> [What needs to be done]: Only the pictures are to be left out; the listing itself is repeated exactly.

> [Dataset section]:
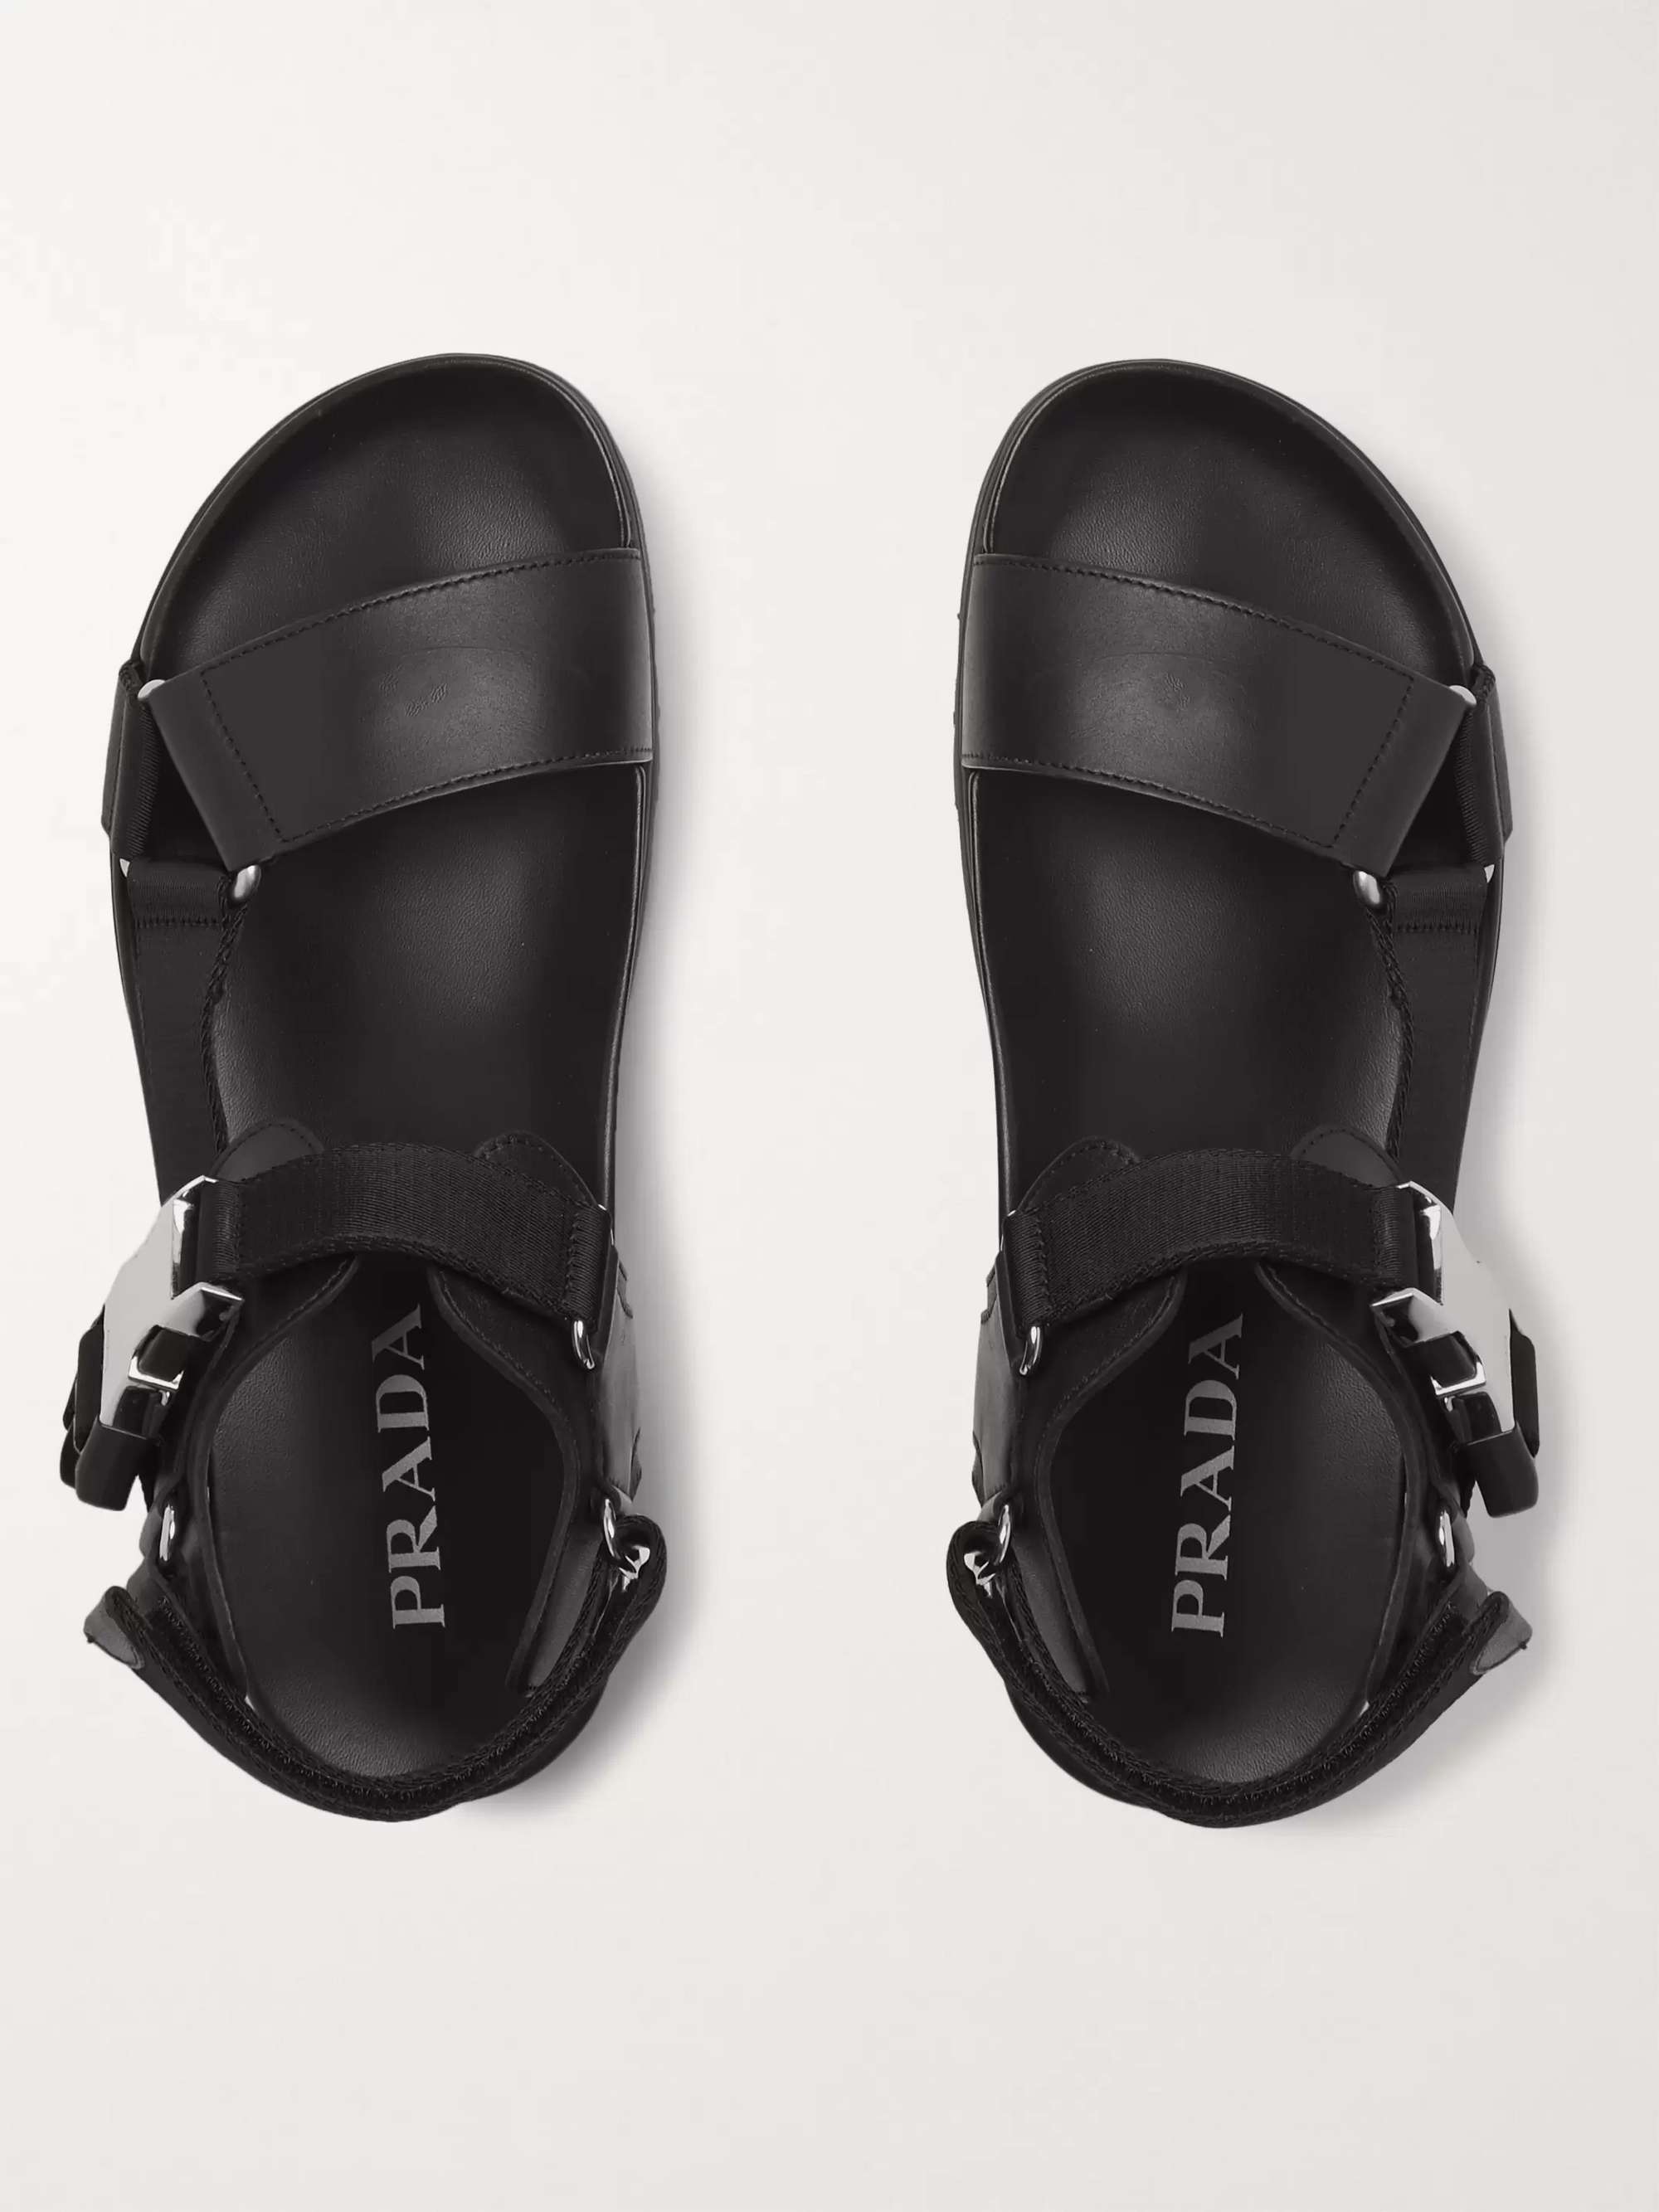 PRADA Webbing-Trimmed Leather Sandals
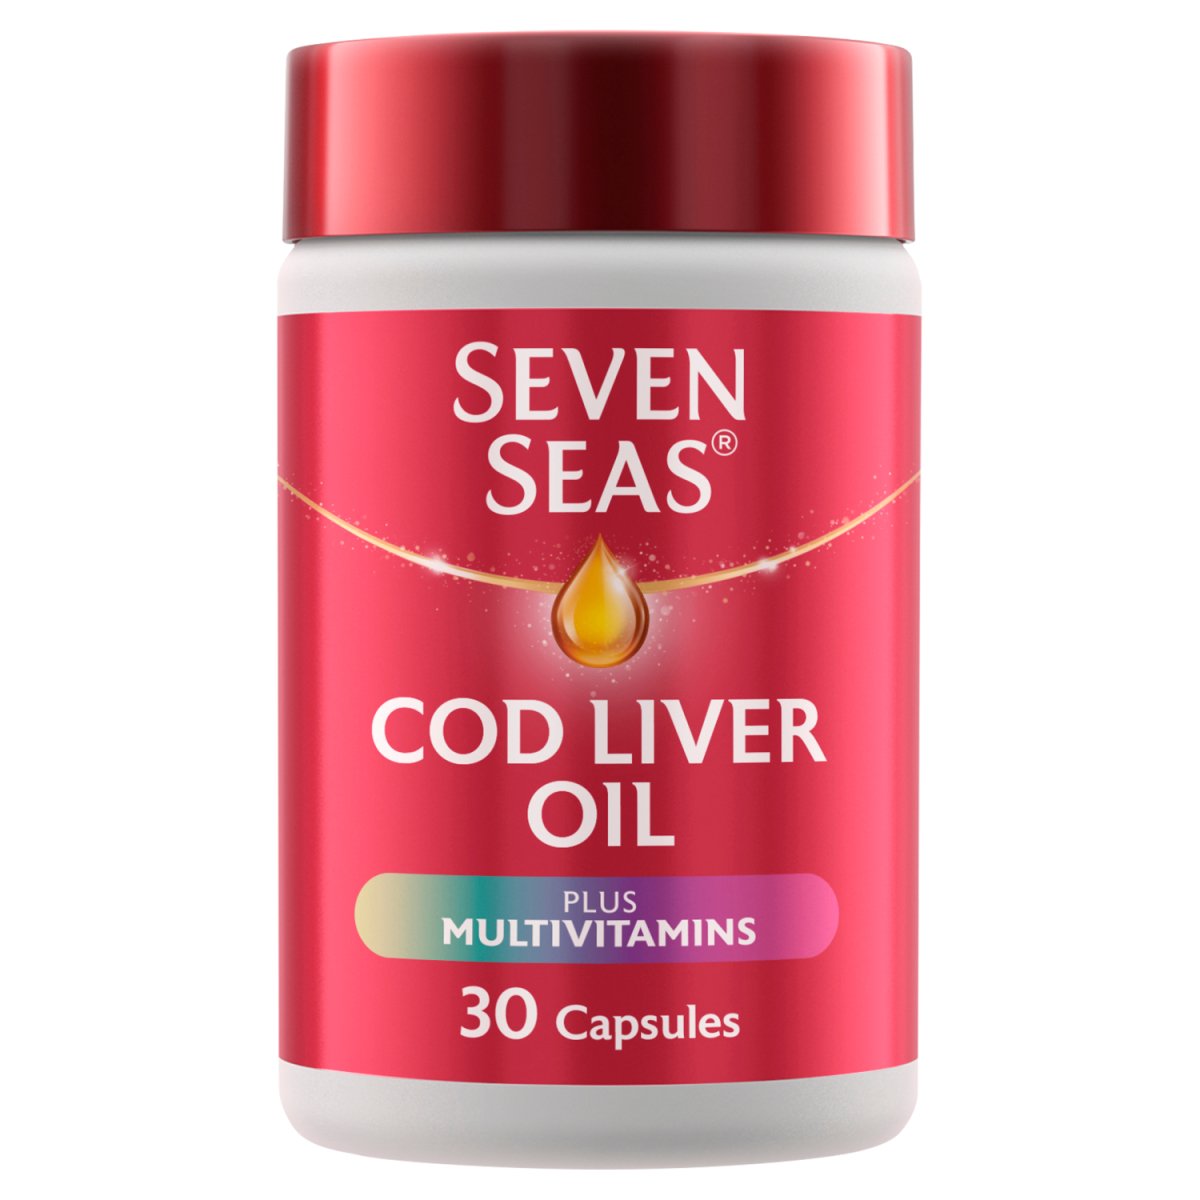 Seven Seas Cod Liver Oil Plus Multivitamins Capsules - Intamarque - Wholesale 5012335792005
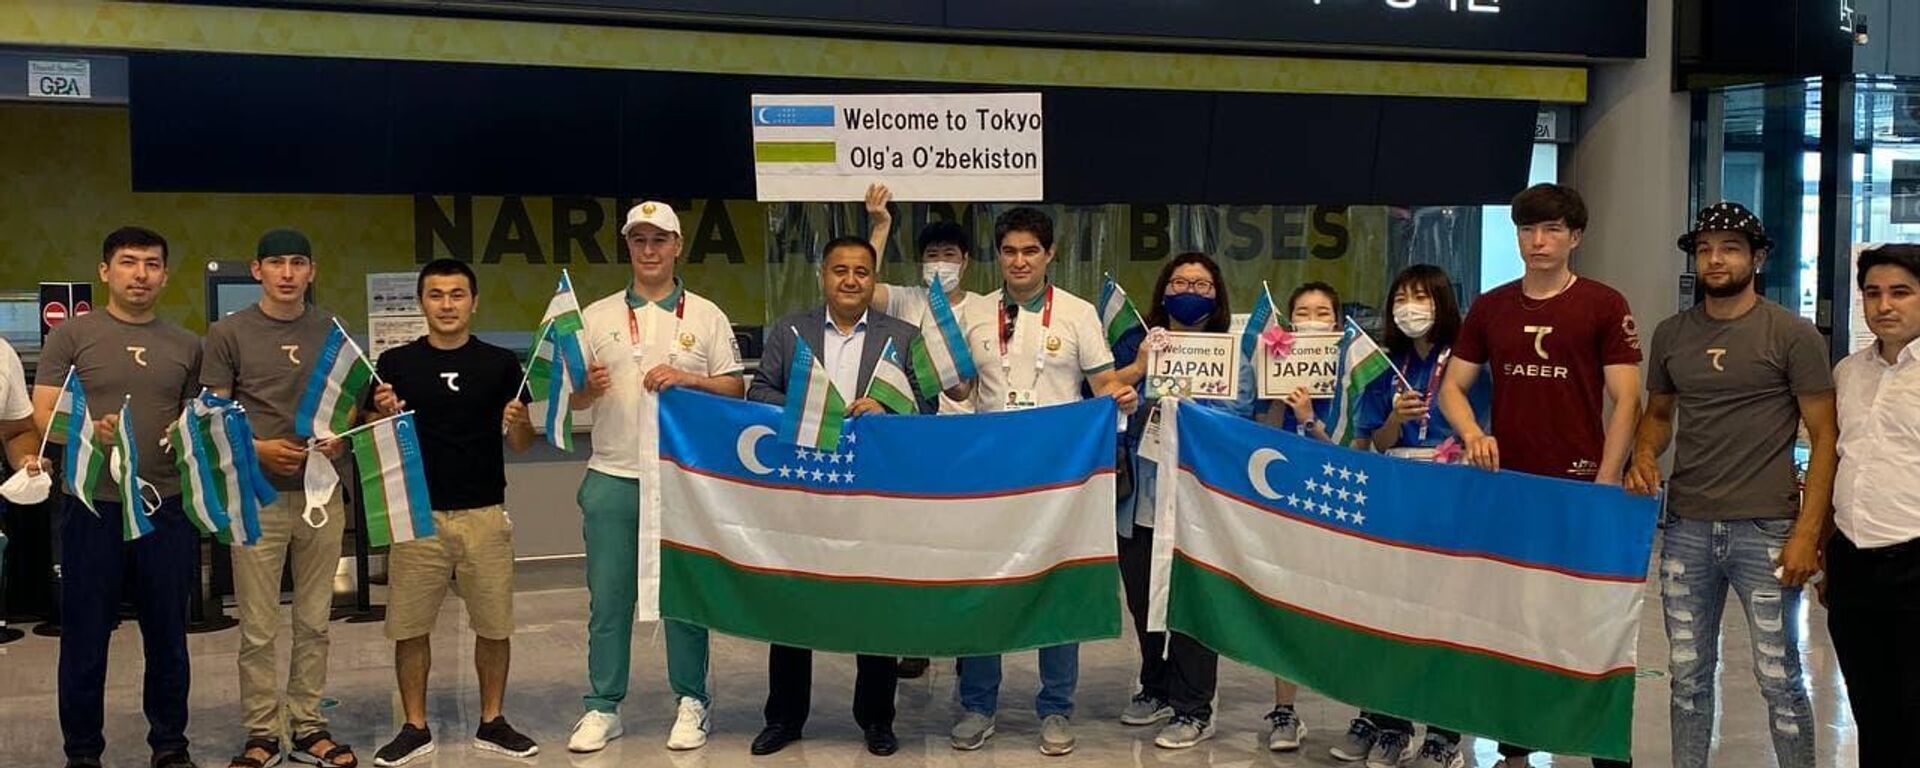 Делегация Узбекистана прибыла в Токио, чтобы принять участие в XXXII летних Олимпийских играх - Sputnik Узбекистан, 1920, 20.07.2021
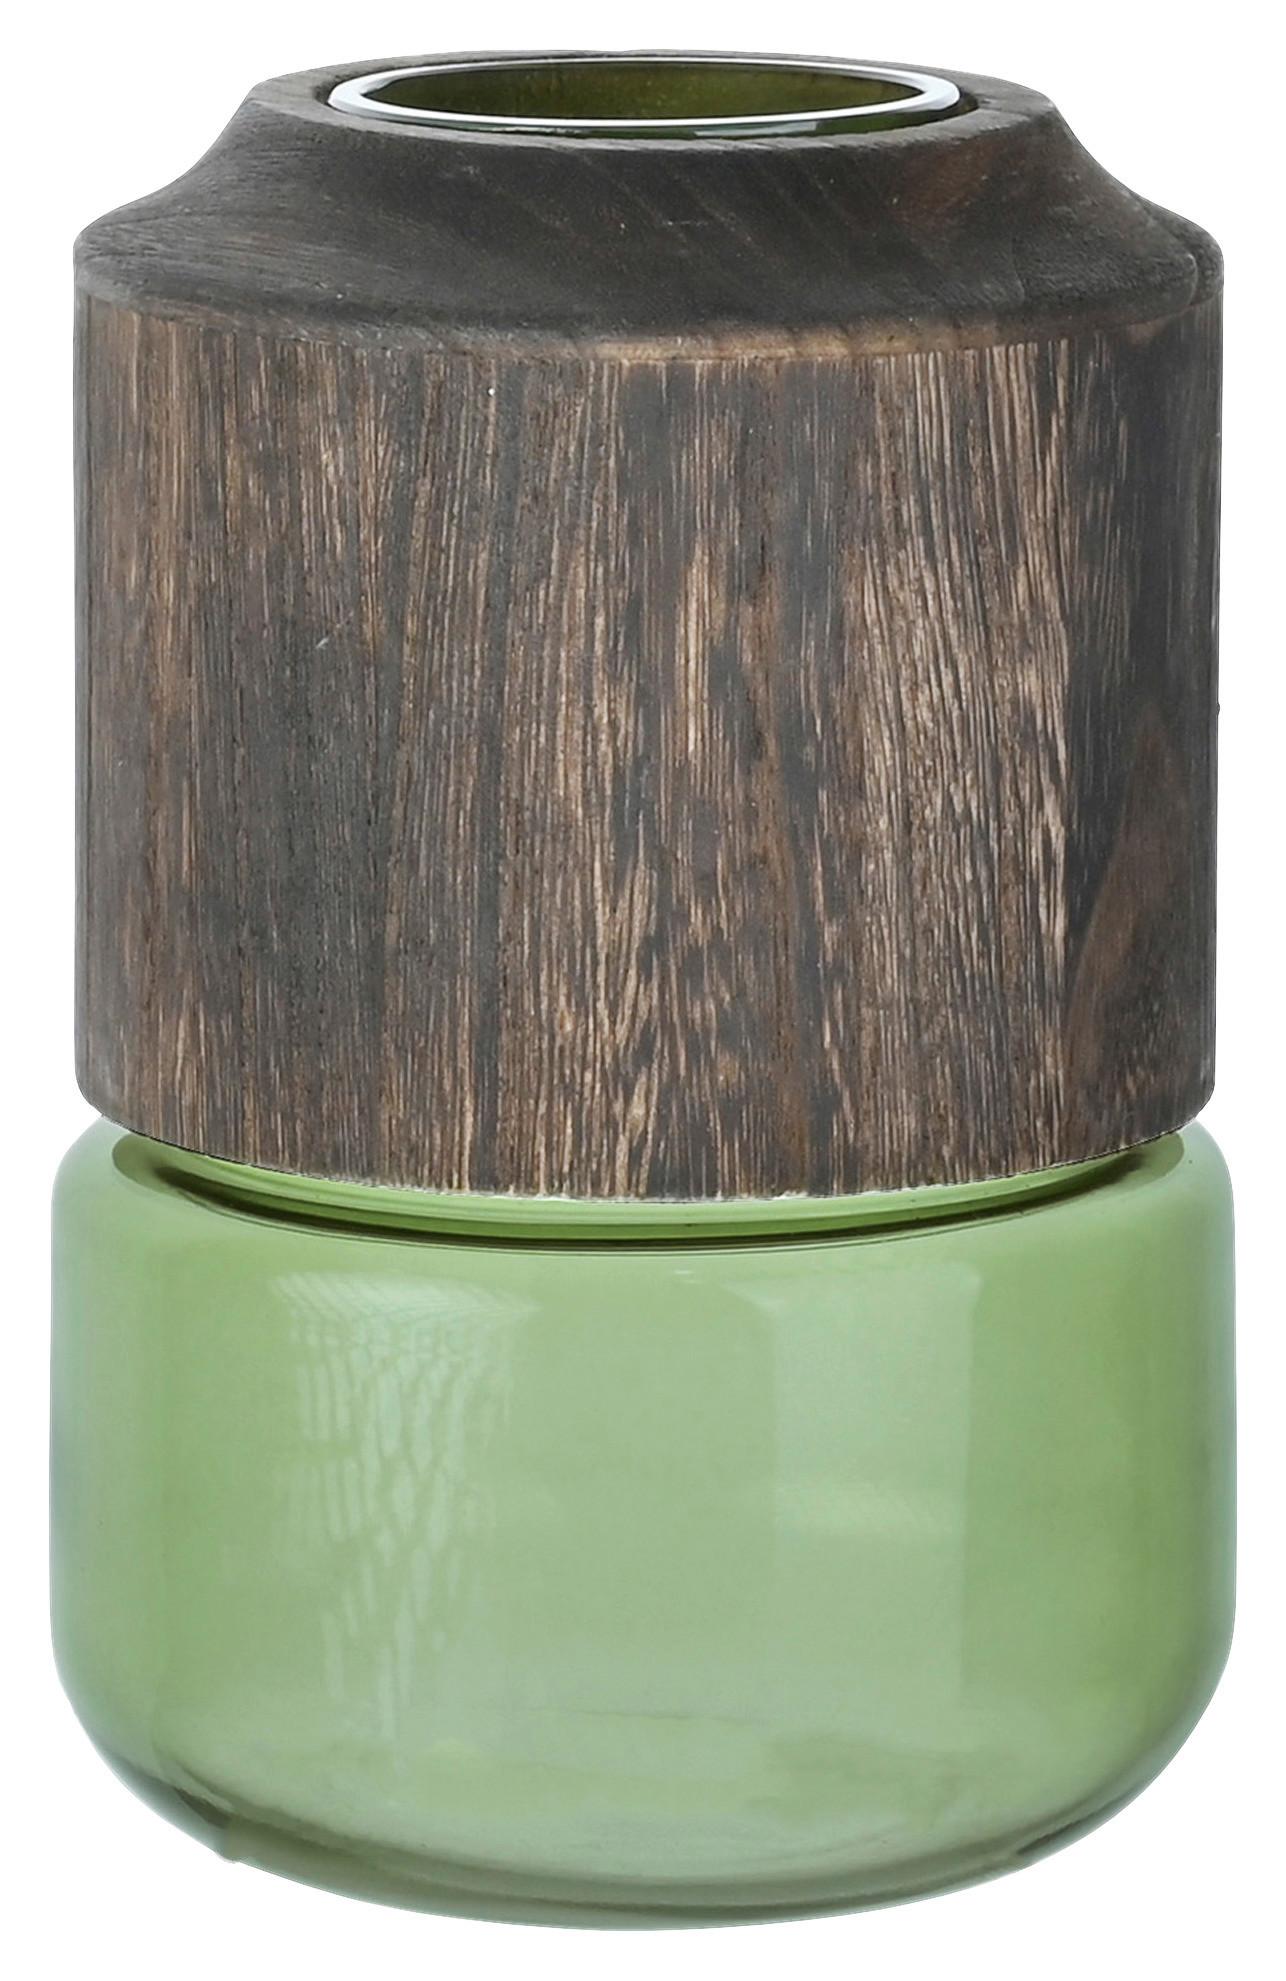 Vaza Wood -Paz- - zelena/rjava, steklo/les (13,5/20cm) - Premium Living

> [Completed task]:
 PRADA Webbing-Trimmed Leather Sandals
 Seven Seas Cod Liver Oil Plus Multivitamins Capsules - Intamarque - Wholesale 5012335792005
 Делегация Узбекистана прибыла в Токио, чтобы принять участие в XXXII летних Олимпийских играх - Sputnik Узбекистан, 1920, 20.07.2021
 Vaza Wood -Paz- - zelena/rjava, steklo/les (13,5/20cm) - Premium Living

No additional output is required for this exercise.